▸ **GIVEN ENTRIES**:

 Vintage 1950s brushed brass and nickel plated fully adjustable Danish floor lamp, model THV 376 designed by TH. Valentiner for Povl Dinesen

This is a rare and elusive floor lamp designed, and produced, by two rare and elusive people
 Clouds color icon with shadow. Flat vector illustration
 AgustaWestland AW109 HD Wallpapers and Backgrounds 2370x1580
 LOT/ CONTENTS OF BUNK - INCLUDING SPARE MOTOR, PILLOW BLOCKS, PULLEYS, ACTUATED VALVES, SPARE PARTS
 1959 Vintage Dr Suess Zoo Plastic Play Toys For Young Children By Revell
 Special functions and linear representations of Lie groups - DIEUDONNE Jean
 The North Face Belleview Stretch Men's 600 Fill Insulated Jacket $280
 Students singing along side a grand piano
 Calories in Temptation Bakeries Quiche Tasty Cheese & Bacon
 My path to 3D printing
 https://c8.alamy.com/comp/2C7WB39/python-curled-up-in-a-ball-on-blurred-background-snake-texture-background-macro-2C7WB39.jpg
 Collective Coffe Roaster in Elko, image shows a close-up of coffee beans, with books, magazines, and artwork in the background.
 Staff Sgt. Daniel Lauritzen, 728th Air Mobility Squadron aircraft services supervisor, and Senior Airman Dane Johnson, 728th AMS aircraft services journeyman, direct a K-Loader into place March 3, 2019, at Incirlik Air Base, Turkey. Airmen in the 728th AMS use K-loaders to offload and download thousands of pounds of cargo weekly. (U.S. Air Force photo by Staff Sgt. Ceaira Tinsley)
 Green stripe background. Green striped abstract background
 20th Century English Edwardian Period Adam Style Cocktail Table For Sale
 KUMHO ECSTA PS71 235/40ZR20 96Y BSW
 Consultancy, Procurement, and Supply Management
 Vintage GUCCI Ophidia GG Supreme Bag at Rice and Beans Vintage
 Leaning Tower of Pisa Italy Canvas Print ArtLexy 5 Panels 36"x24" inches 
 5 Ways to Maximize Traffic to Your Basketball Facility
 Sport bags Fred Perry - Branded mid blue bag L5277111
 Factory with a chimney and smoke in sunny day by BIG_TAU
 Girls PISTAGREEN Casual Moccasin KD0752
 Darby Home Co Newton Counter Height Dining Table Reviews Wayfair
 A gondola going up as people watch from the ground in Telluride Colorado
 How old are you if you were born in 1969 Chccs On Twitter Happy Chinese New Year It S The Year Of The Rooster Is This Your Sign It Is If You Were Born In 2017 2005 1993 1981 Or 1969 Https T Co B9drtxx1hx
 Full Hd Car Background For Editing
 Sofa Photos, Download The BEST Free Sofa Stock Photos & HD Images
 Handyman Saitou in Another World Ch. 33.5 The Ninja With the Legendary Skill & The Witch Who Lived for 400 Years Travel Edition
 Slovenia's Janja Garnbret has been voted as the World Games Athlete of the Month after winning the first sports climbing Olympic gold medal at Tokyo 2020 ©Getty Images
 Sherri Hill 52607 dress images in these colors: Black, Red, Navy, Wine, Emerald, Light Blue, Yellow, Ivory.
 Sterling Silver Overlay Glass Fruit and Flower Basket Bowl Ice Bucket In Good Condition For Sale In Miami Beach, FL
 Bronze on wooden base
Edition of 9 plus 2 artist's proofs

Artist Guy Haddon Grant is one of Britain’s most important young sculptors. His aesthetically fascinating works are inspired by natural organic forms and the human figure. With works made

▸ **EXERCISE DESCRIPTION**:
Which lines above run from the one containing "My path to 3D printing" to the one containing "Collective Coffe Roaster"? Give them again exactly, both ends included.

▸ **SOLUTION FOR THIS PROBLEM**:
 My path to 3D printing
 https://c8.alamy.com/comp/2C7WB39/python-curled-up-in-a-ball-on-blurred-background-snake-texture-background-macro-2C7WB39.jpg
 Collective Coffe Roaster in Elko, image shows a close-up of coffee beans, with books, magazines, and artwork in the background.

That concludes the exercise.